Supplied data:
—————

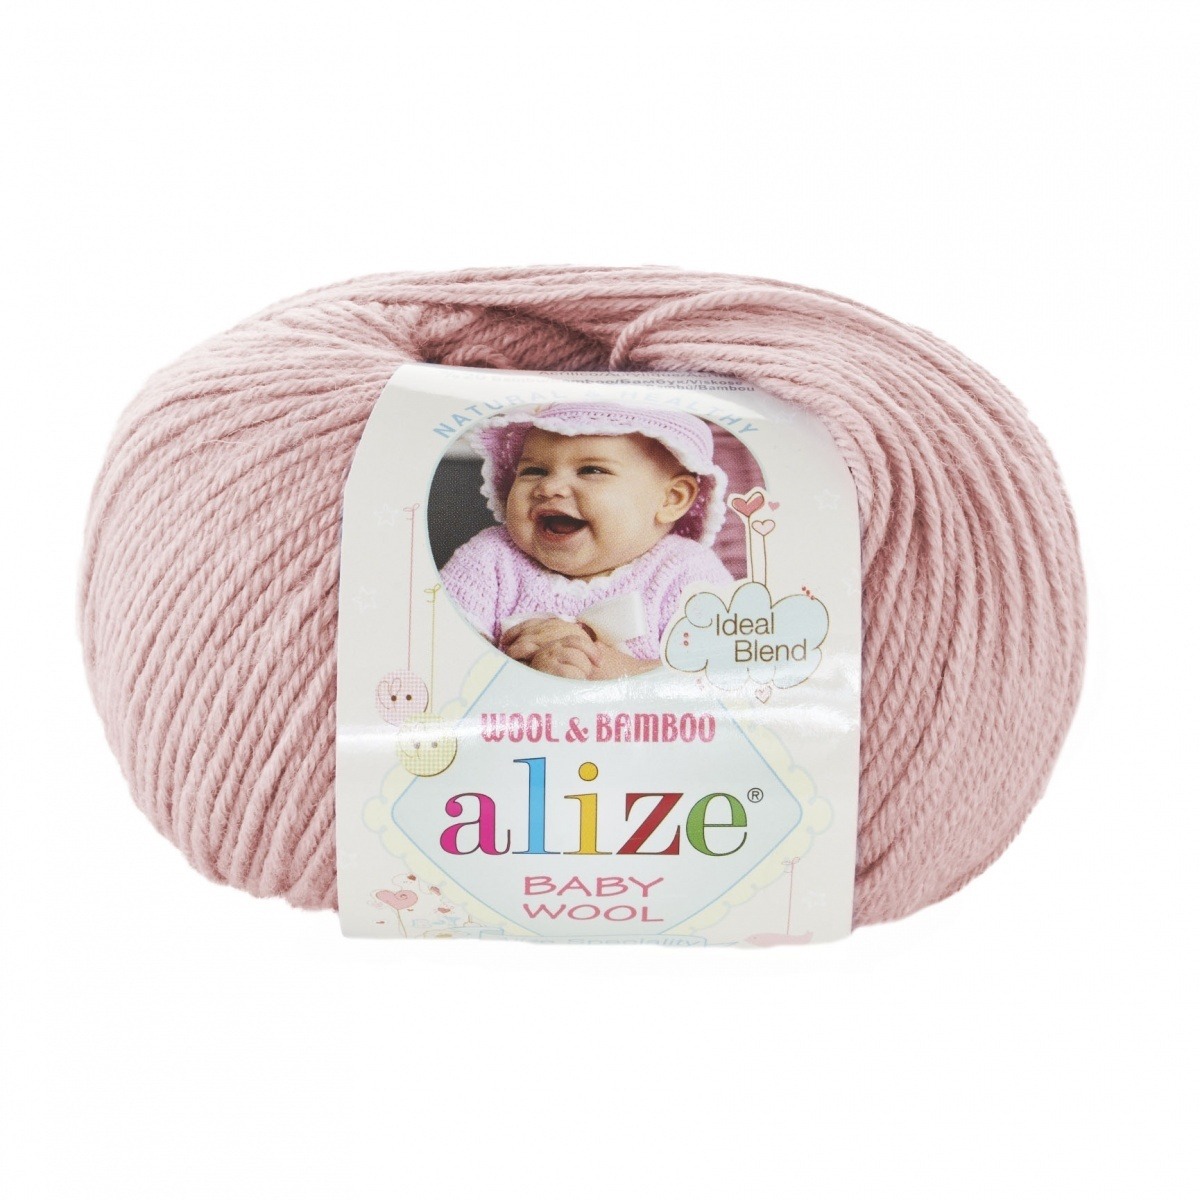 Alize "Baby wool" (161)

—————

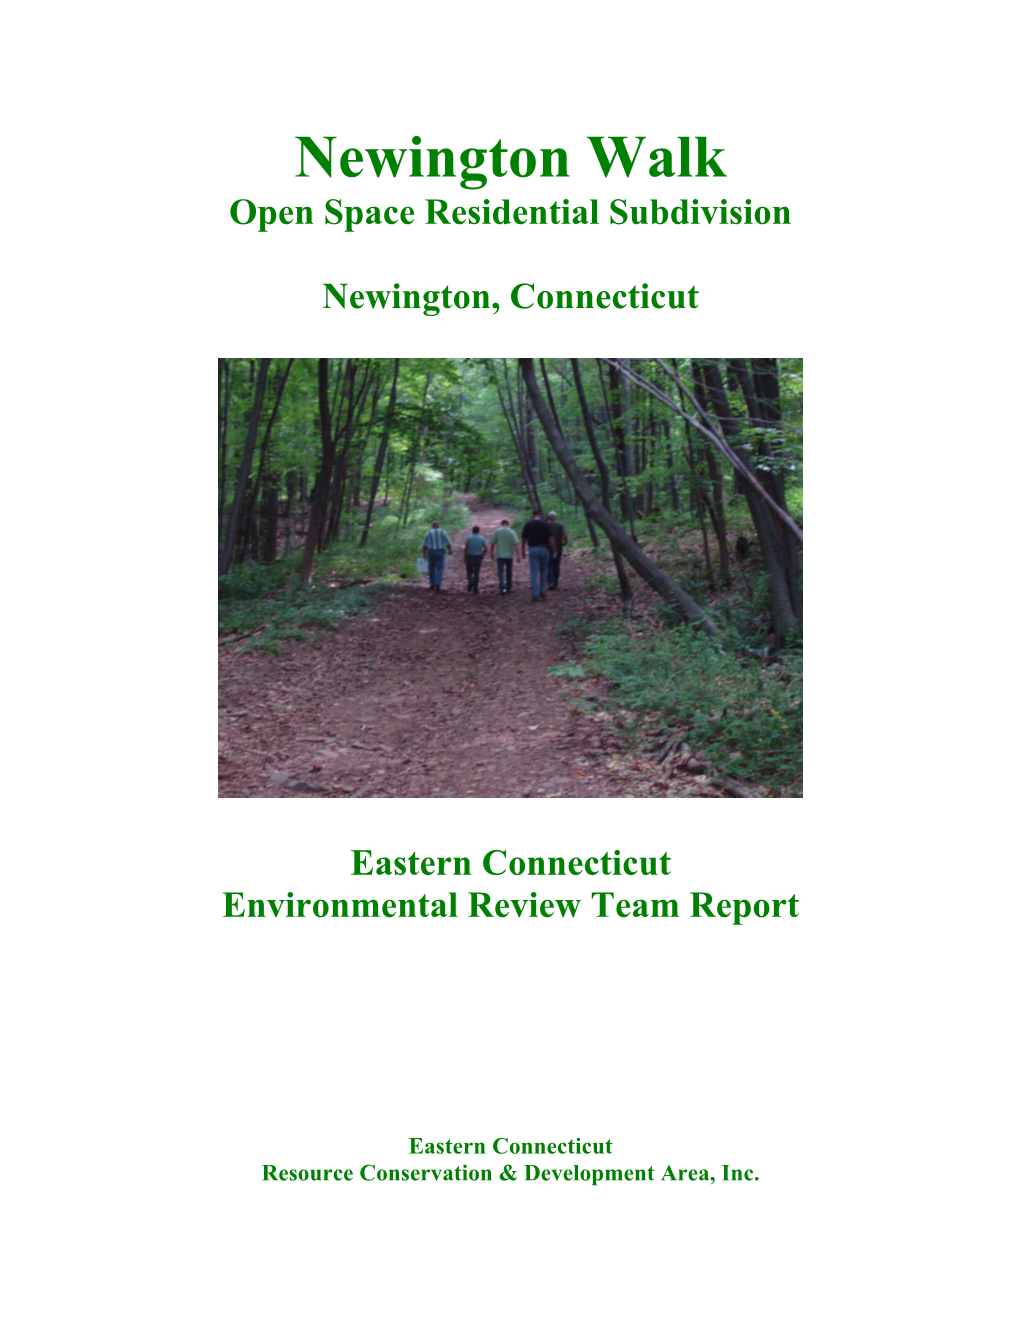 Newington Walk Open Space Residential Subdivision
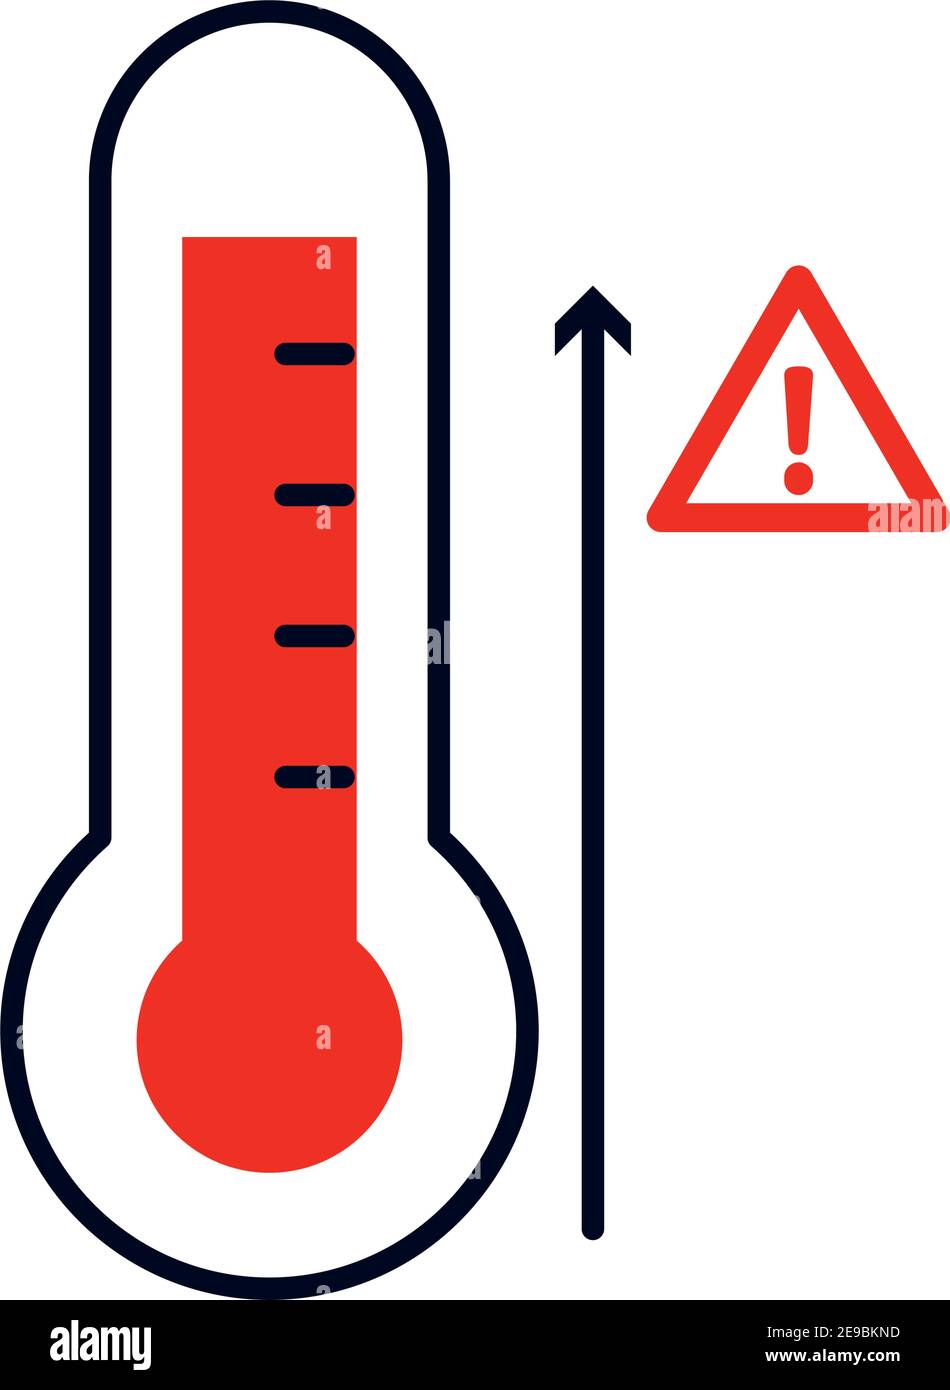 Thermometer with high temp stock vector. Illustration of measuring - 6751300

—————

Directions for this task: The reply should hold exactly the lines above, starting at the line with "Newington Walk Open" and ending at the line with "Thermometer with high", and no pictures.

Output below:
 Newington Walk Open Space Residential Subdivision
 Thermometer with high temp stock vector. Illustration of measuring - 6751300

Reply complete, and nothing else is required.